On that topic: there will not be a “Vulkan ES”. Vulkan is Vulkan, and it will run on desktop, mobile, VR, consoles that are open enough, and even cars and robotics. From a hardware side, the API requires a minimum of OpenGL ES 3.1 support. This is fairly high-end for mobile GPUs, but it is the first mobile spec to require compute shaders, which are an essential component of Vulkan. The presenter did not state a minimum hardware requirement for desktop GPUs, but he treated it like a non-issue. Graphics vendors will need to be the ones making the announcements in the end, though.

What Is A Graphics / Compute API?

Applications are bundles of instructions that operate on data, either packaged with it or gathered as the application runs. CPUs follow these series of instructions very quickly, pretty much one at a time, and in order. These are called threads, and modern CPUs can do multiple of them at any given time. It is common to find consumer CPUs that can do anywhere from two to eight threads at once.

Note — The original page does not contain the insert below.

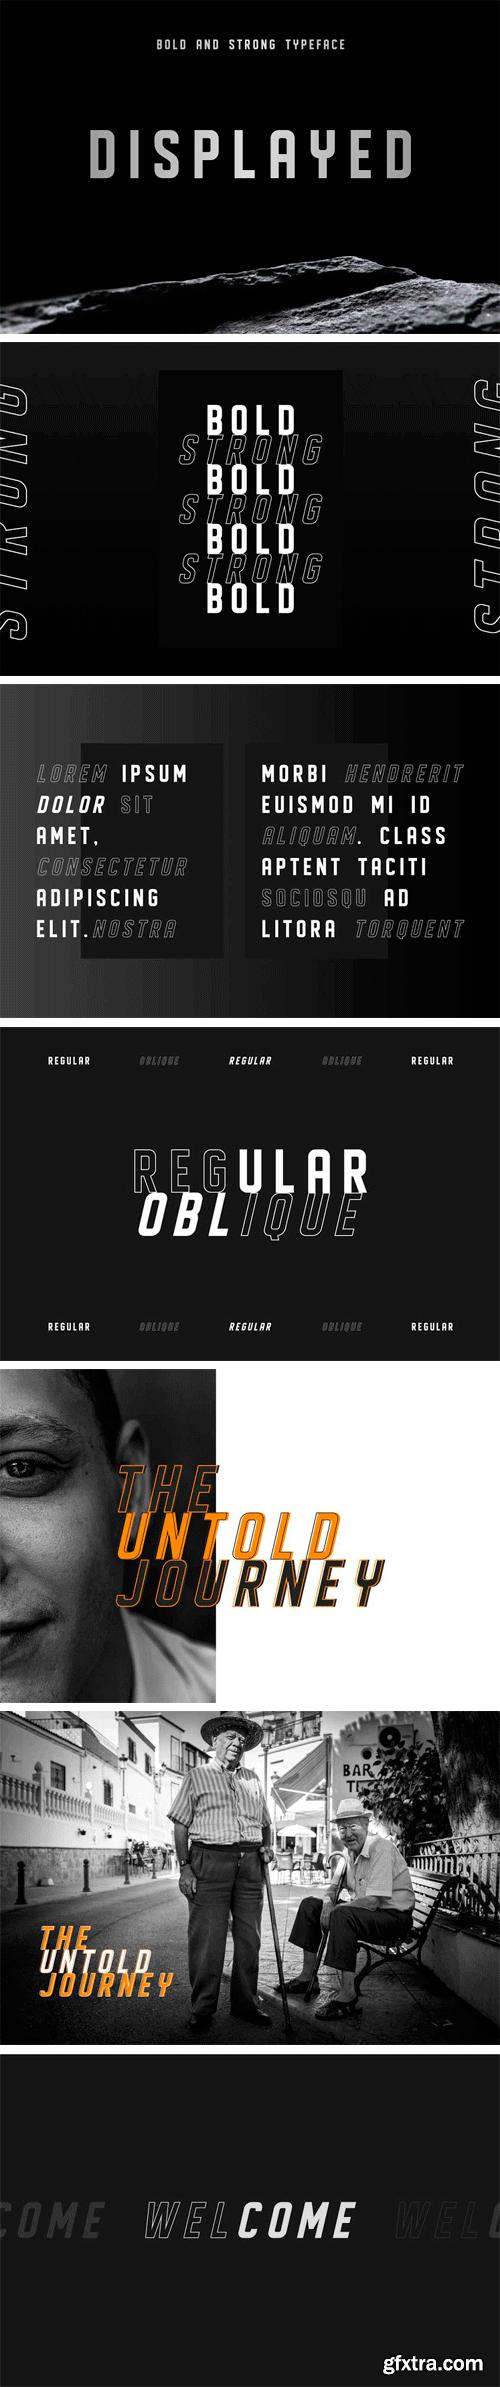 CM - DISPLAYED Typeface 2938701

Sometimes, your application runs across big tasks, like “calculate the color of every pixel” or “move every point (vertex) in a 3D model by some amount”. These tasks add up to a lot of math, but each task is made up of mostly similar instructions. Modern GPUs can be thousands of cores, which is great when you are dealing with screens that have two million pixels (1080p) or more, many of which are calculated multiple times because of overlapping geometry and complicated effects, as well as 2D and 3D scenes that are made up of thousands or millions of triangles, each with three vertexes (albeit many are shared with neighboring triangles).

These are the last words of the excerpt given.